Mitigate Stress

April is Stress Awareness Month. Here’s how to cope

By Deborah Jeanne Sergeant

Stress isn’t only the hair-tearing day of unexpected cancelations, breakdowns and missed connections.

Stress can also come from perfectly happy causes, like a job promotion, new baby or retirement.

Any change can provoke stress. Life is never stress-free and we wouldn’t want it to be. But we can reduce unwanted and unnecessary stress.

“Some researchers define stress as events that are unpredictable, uncontrollable and dangerous or costly,” said Rich O’Neill, Ph.D., a fellow of the Academy of Clinical Psychology, psychologist and professor at Upstate Medical University. “One way to lessen stress is to reduce the amount of unpredictable, uncontrollable and dangerous or costly events in our lives. Planning so that things are not coming at us willy-nilly that might be very potentially costly to us and people around us. If you plan, in a way you’re thinking of how your resources can deal with the challenges of any particular situation and either get the resources you need in advance or get more resources from someplace else or have other people help you with the task.”

Making a plan can prevent the anxiety related to supposing what could happen. Even if the worst happens, you’re ready. O’Neill also believes that it is important to find out the worst-case scenario. Perhaps that’s not even as bad as you think.

O’Neill said that many people find that mindfulness helps. It works by paying attention to your breathing and sensory input and not judging thoughts that pop up. Spending 10 to 20 minutes regularly practicing mindfulness can decrease harmful stress levels.

Julienne Capria, psychiatrist with Oswego Health, advises improving emotional stress levels by maintaining healthy relationships.

“Are we surrounding ourselves with emotionally stable people or spending too much time with people who are toxic to be around?” she asked. “Also, look at the spiritual causes of stress. Not everyone is a religious persuasion but are we taking time to be mindful, spend time in nature and not focusing on current problems.”

Taking care of basic physical needs can also help the mind and body better tolerate stress. Capria said that different types of stress can affect “the body, mind and spirit.”

Neglecting any one of these areas can compound mental and emotional stress.

Capria said that breathing correctly can help mitigate stress. Try to breathe slowly in through your nose and exhale through your mouth, pausing between breaths.

Apps can help you learn correct breathing and other ways to mitigate stress.

Kimberly Fortin, licensed clinical social worker in private practice in Weedsport, likes calm, but searching “’breathing for stress relief’ will bring up a ton of free resources,” she said.

Fortin noted that taking care of physical health can help mitigate the effects of stress.

“Make sure you get a good night’s sleep, eat well, drink water, get sunshine and fresh air,” she said. “Time in nature is an automatic de-stressor. Anywhere in nature is automatically able to bring your stress down. Our bodies are wired for that.”

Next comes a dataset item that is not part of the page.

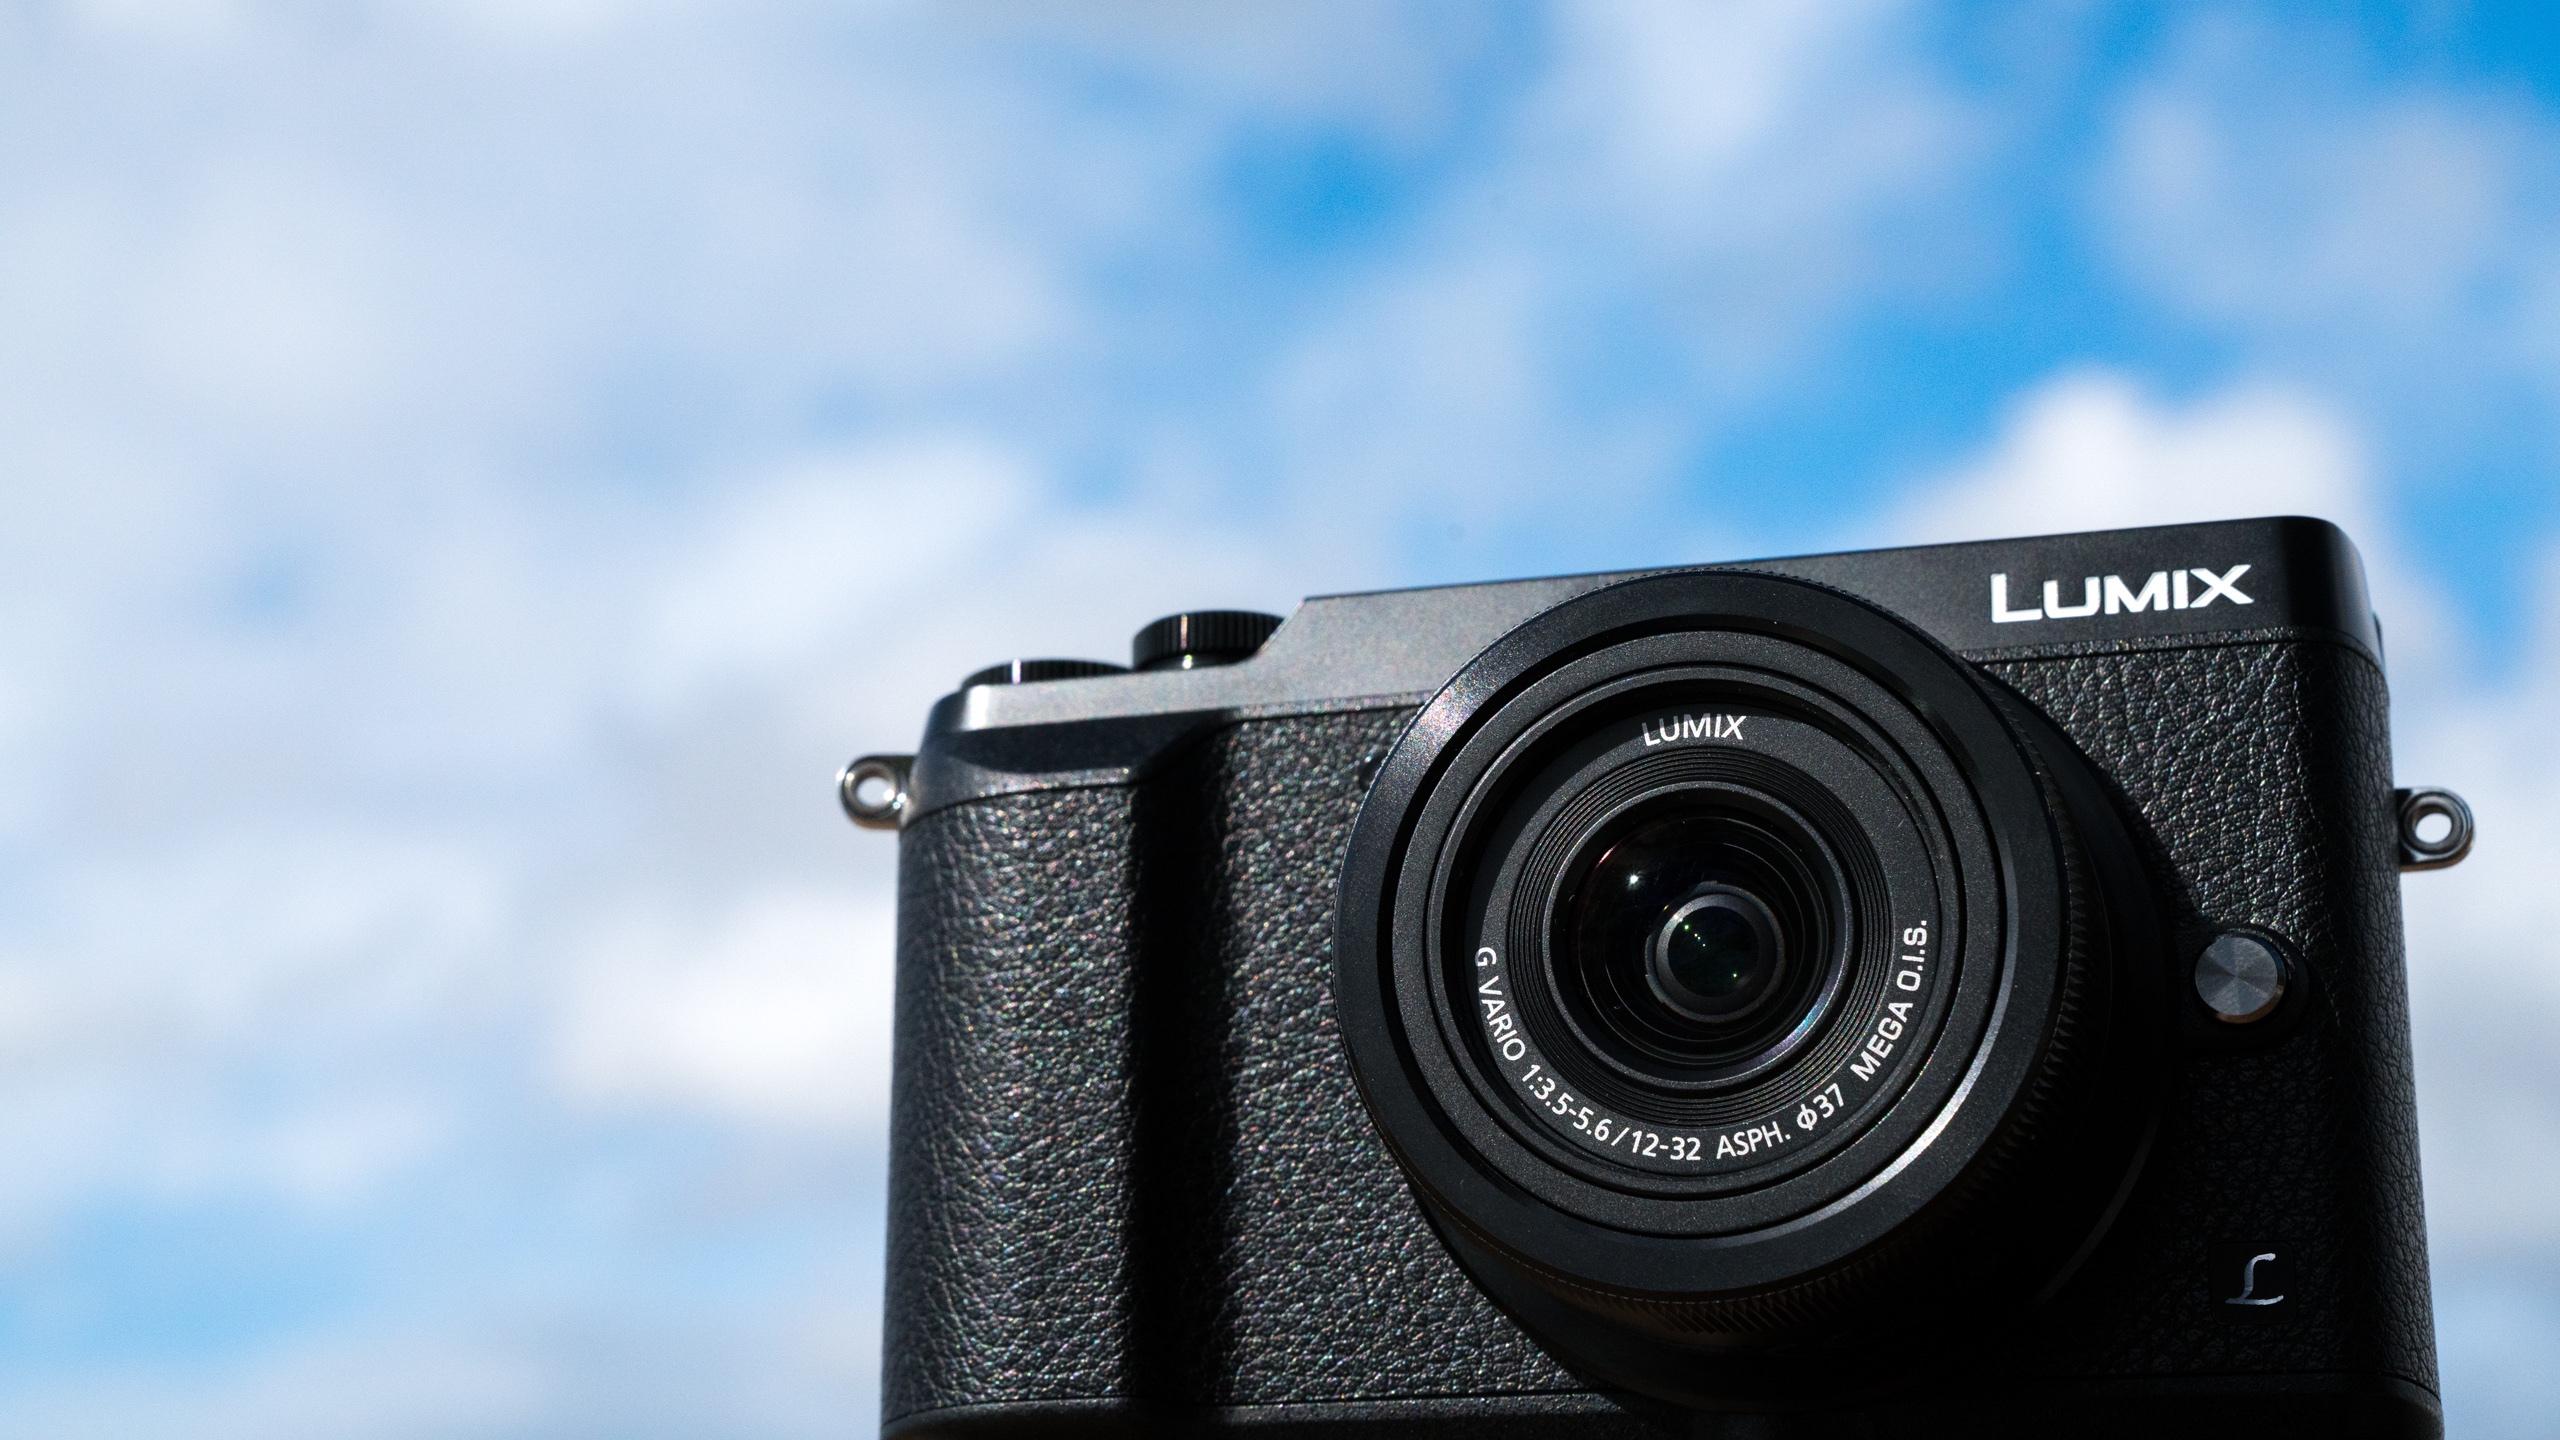 Panasonic Lumix Gx85 Dc Gf10 Kit 12 32mm Kamera Mirrorless Black G7 The Peak Foto
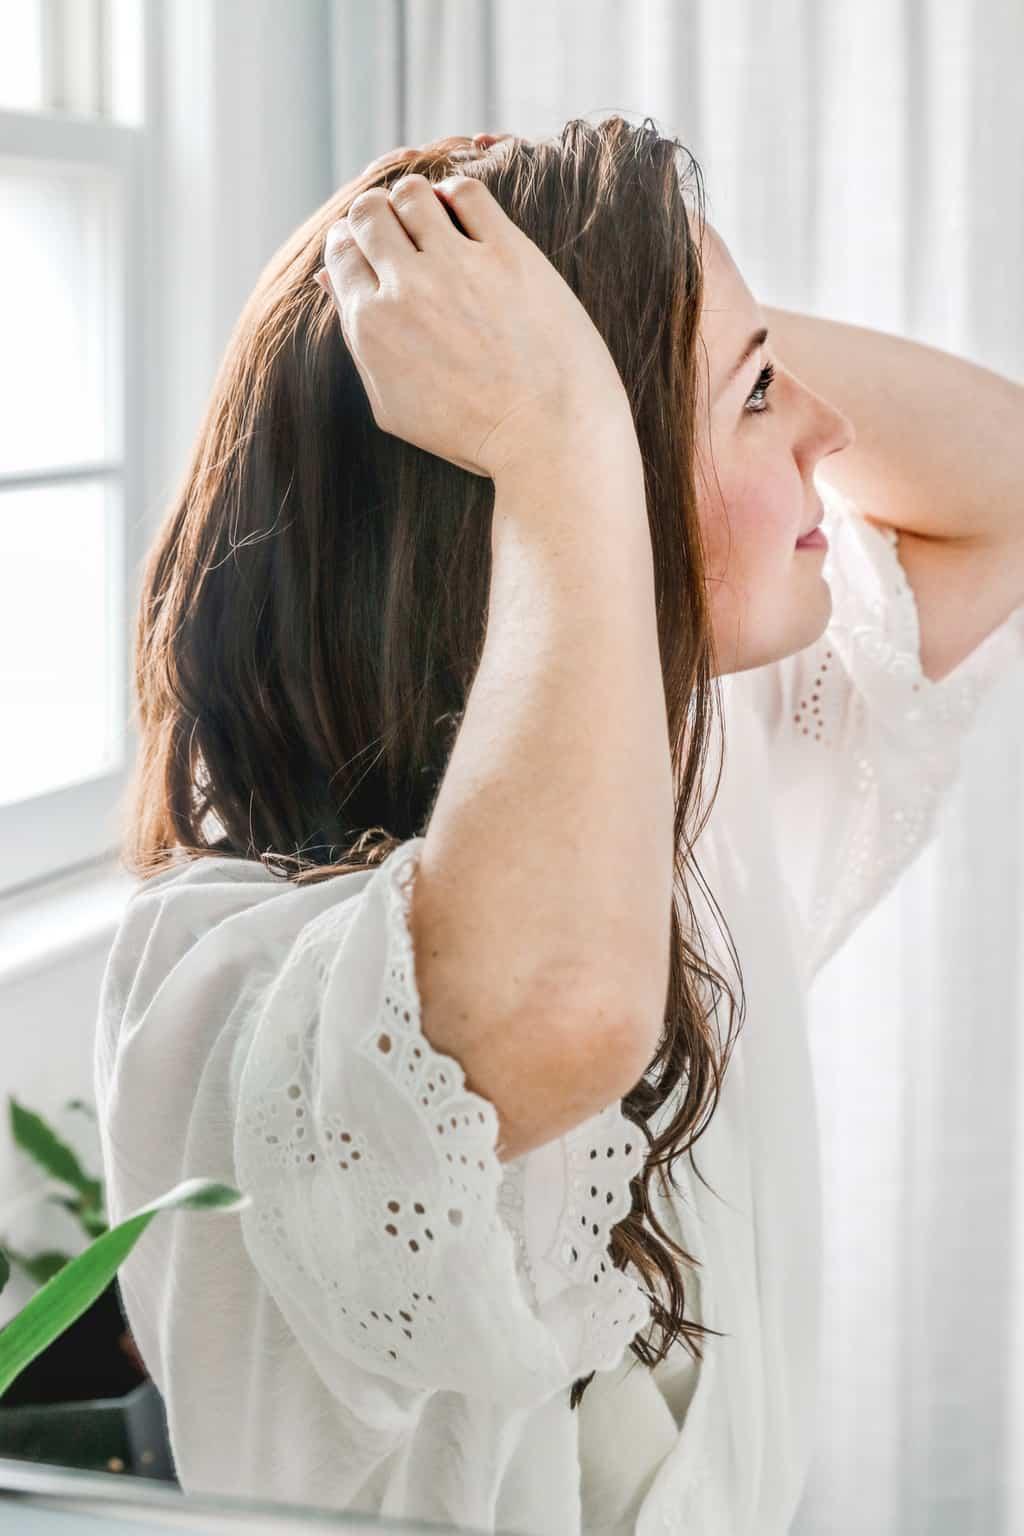 Detox Your Hair With This Apple Cider Vinegar Scalp Scrub

Most people need around seven to eight hours of rest every night. Maintaining a regular sleep schedule and a restful place to sleep can help establish a good wake-sleep cycle and beneficial slumber. In general, most people need to drink half their body’s weight in ounces of water per day (a 150-pound adult would drink 75 ounces of water).

A balanced diet should include plenty of whole produce, lean sources of protein, healthful fats, whole grains and plenty of hydration. Try to reduce consumption of processed foods and simple sugars and simple starches.

The World Health Organization recommends a minimum of 150 minutes of moderate intensity physical exercise throughout the week for supporting good health. This should include aerobic exercise and resistance exercise.

During the pandemic, Fortin began meeting with a friend weekly. The two liked their chats so much that they continue to connect each week.

“Having a support system is good during stressful times,” Fortin said.

In addition to scheduling time with a trusted friend, treat yourself to time for pleasure reading for a few minutes each day, book a massage therapy session and plan to take a long bath or shower, for example.